--- DATA LISTING ---
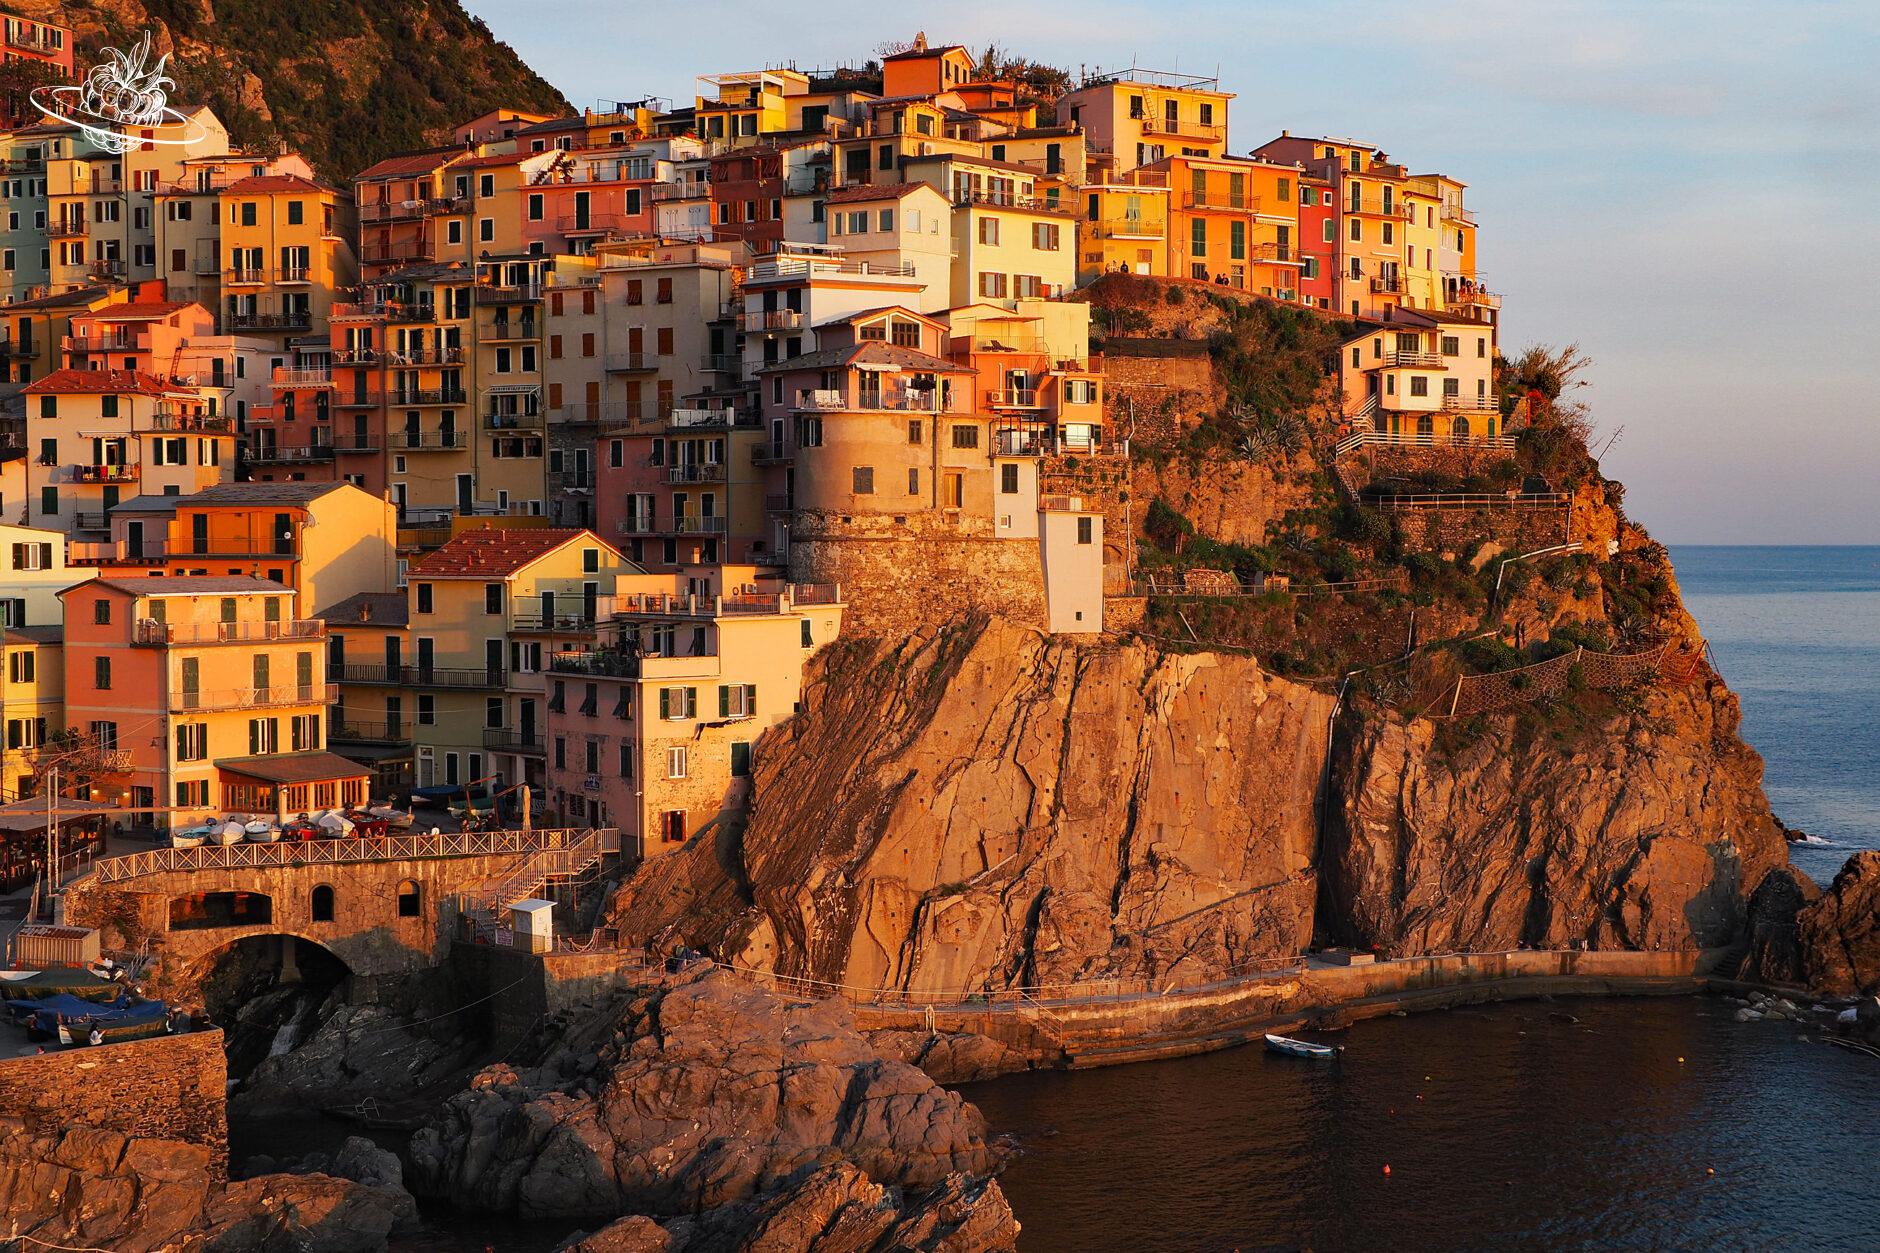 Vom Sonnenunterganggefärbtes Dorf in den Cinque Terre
==
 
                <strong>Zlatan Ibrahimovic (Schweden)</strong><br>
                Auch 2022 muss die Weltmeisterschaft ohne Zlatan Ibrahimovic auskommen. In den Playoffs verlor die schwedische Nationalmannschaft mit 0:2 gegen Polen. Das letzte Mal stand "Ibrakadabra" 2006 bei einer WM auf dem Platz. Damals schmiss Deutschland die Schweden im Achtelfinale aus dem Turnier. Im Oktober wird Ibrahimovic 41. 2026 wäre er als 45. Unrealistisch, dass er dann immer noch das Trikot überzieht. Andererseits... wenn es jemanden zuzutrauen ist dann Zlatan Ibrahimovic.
...
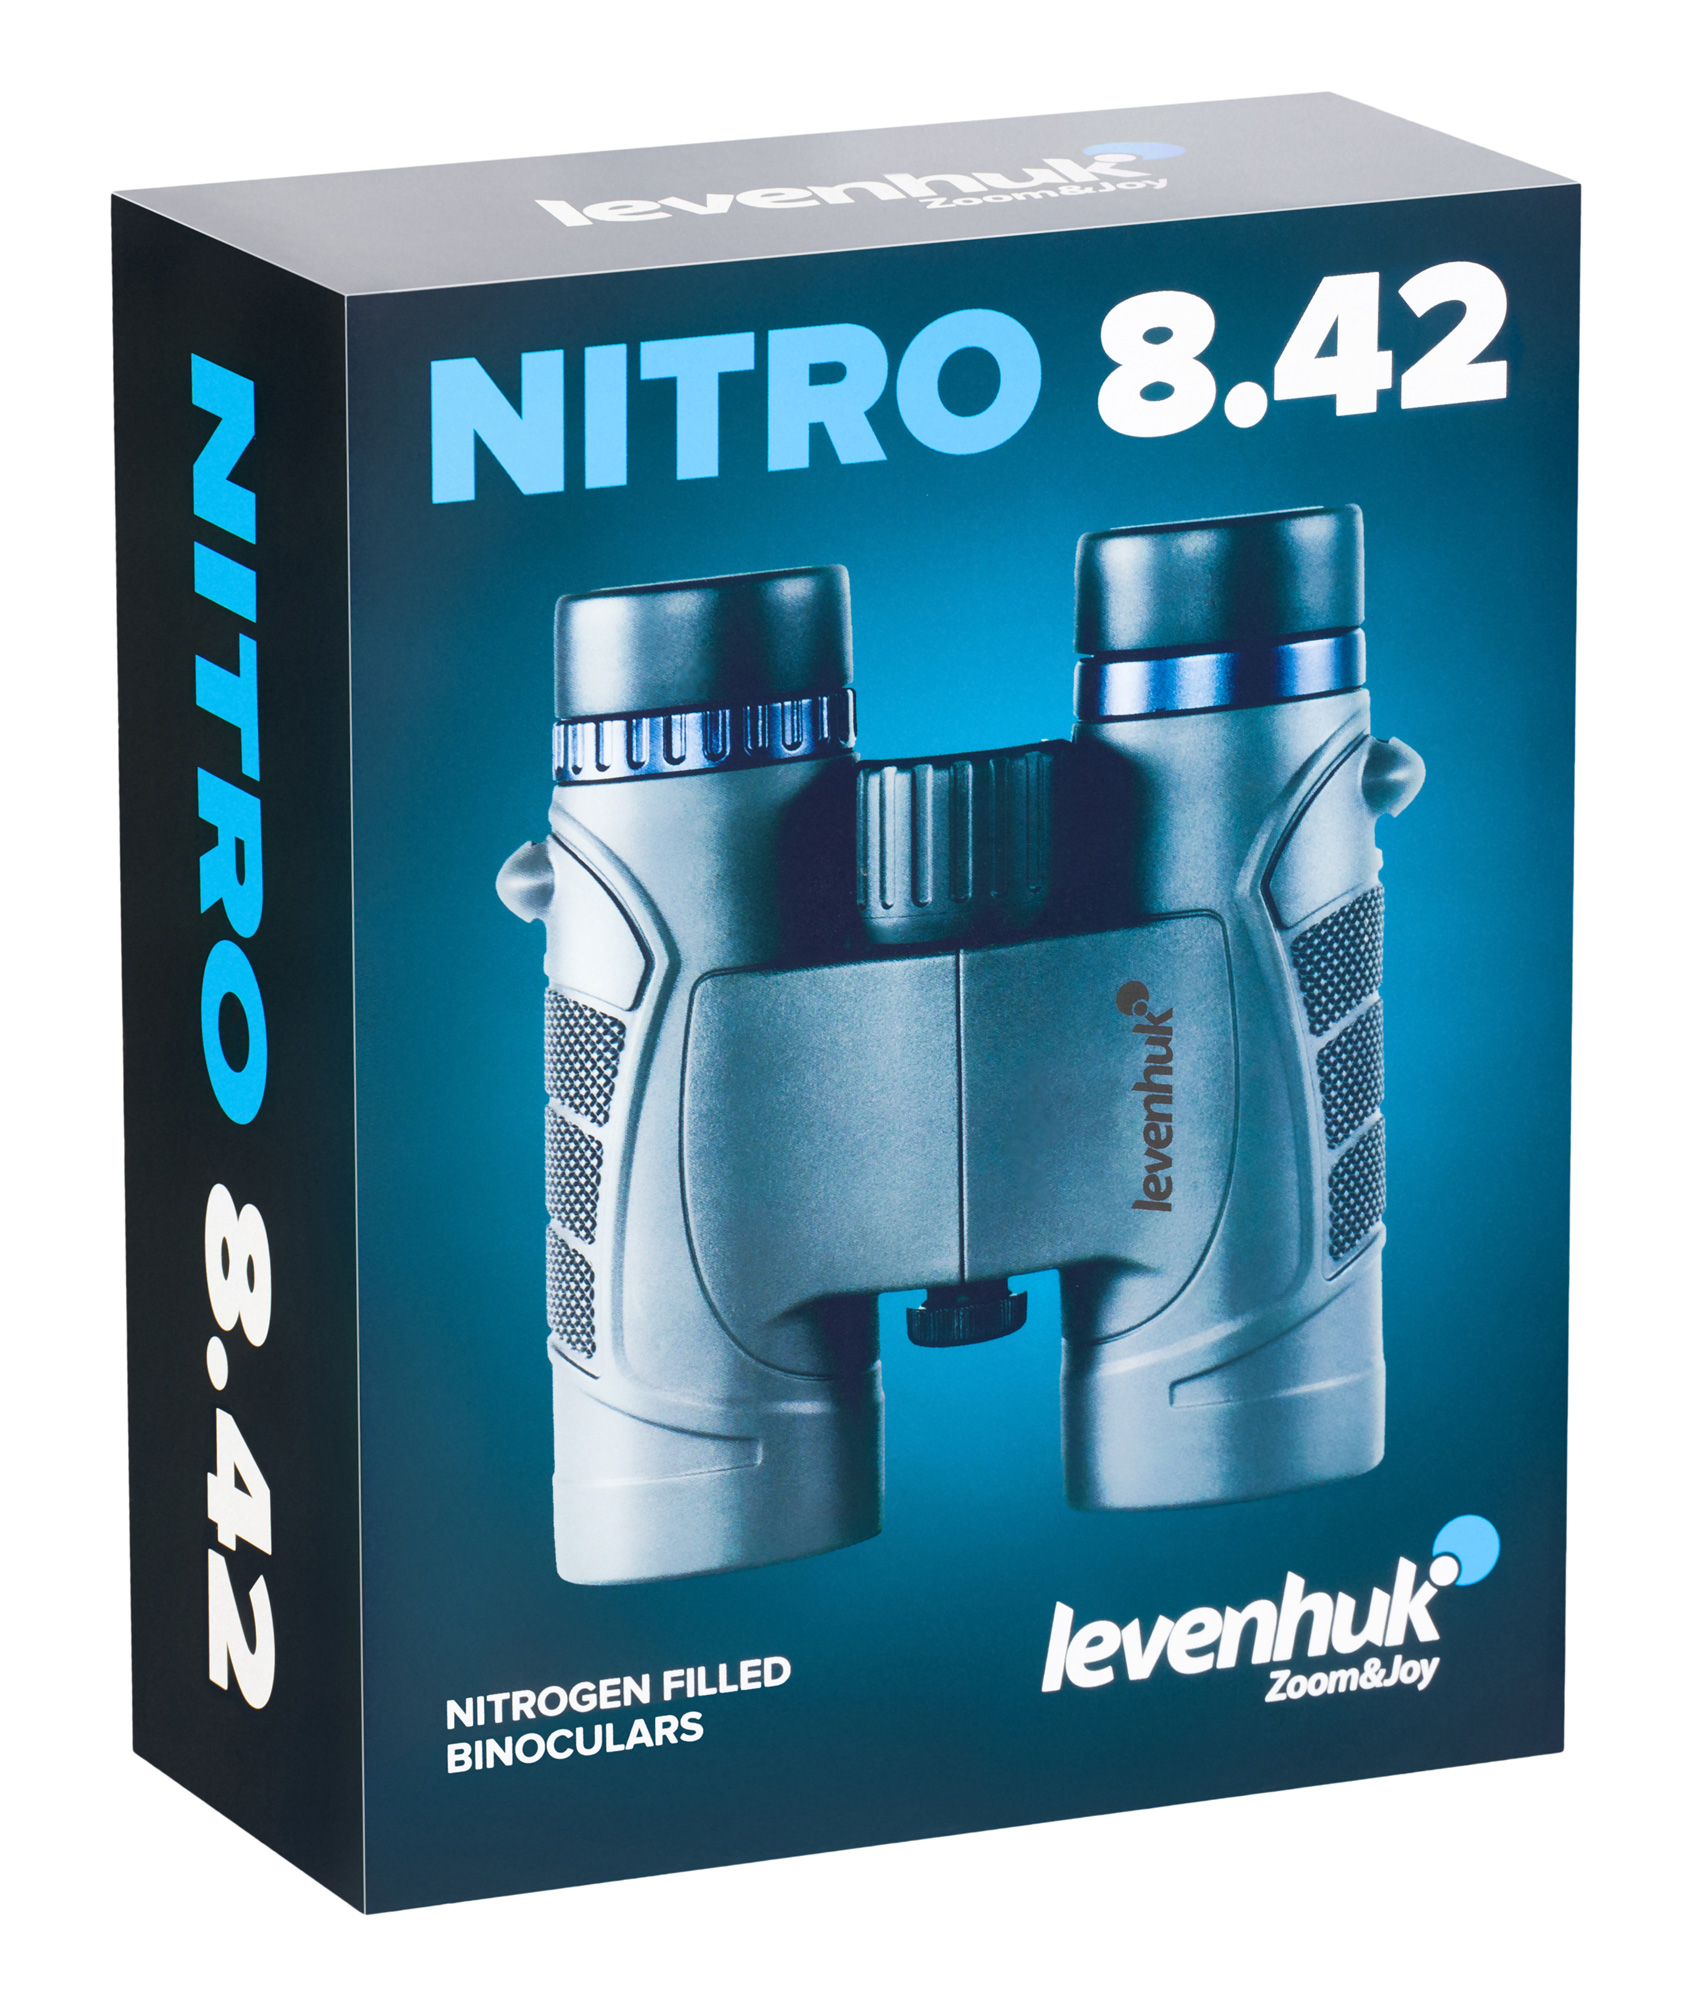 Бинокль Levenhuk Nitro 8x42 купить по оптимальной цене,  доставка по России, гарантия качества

--- WORK INSTRUCTIONS ---
Could you return every line from the entries above in which the string "Ibrahimovic" occurs?

--- RESPONSE TO THIS EXERCISE ---
                <strong>Zlatan Ibrahimovic (Schweden)</strong><br>
                Auch 2022 muss die Weltmeisterschaft ohne Zlatan Ibrahimovic auskommen. In den Playoffs verlor die schwedische Nationalmannschaft mit 0:2 gegen Polen. Das letzte Mal stand "Ibrakadabra" 2006 bei einer WM auf dem Platz. Damals schmiss Deutschland die Schweden im Achtelfinale aus dem Turnier. Im Oktober wird Ibrahimovic 41. 2026 wäre er als 45. Unrealistisch, dass er dann immer noch das Trikot überzieht. Andererseits... wenn es jemanden zuzutrauen ist dann Zlatan Ibrahimovic.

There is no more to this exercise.